Coupled with the F5 using SVI mac instead of the virtual IP MAC this can cause some wired behavior. 
Reload helps. 

adam
-----Original Message-----
From: cisco-nsp [mailto:cisco-nsp-bounces at puck.nether.net] On Behalf Of Blake Pfankuch - Mailing List
Sent: Monday, March 03, 2014 4:39 AM
To: Mick O'Rourke
Cc: cisco-nsp at puck.nether.net
Subject: Re: [c-nsp] Unique issue which is not making any sense, maybe not even Cisco related...

If only we were on 11.x.  Based on our hardware, we are limited to 10.2.4 HF4.  We are not using MST.  I will have a look at the auto last hop functions.  I have confirmed that all HSRP instances are assigned consistently so that active is on Core 01 and Standby is on Core 02.

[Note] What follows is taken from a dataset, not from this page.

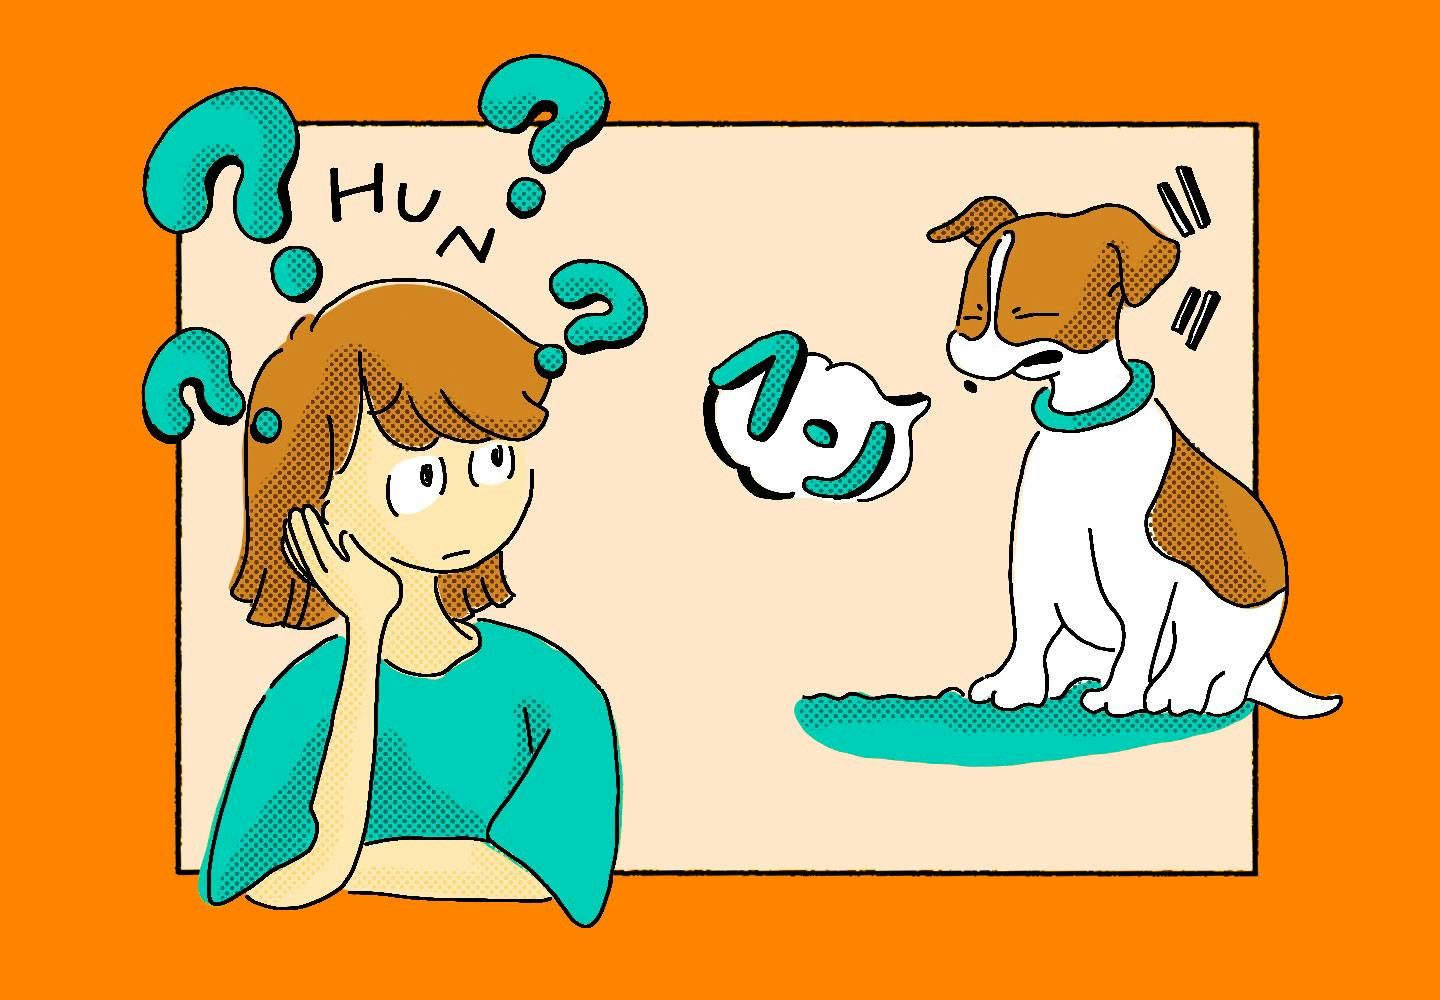 獣医師監修 犬の鳴き声には理由がある 鳴き方で分かる気持ちと しつけや対処法について解説 わんクォール

Thanks for the suggestions Mick,
Blake

From: Mick O'Rourke [mailto:mkorourke at gmail.com]
Sent: Sunday, March 2, 2014 7:48 PM
To: Blake Pfankuch - Mailing List
Cc: cisco-nsp at puck.nether.net
Subject: Re: [c-nsp] Unique issue which is not making any sense, maybe not even Cisco related...

We've seen similar sounding problems before. A couple of suggestions for things to look at:

The default F5 config is auto last hop ie. it will forward to the MAC address of the SVI from which the traffic originated not the HSRP for return traffic by default. Look for potential dynamic return path issues or you could turn off auto last hop - I wouldn't suggest turning it off though, but ymmv.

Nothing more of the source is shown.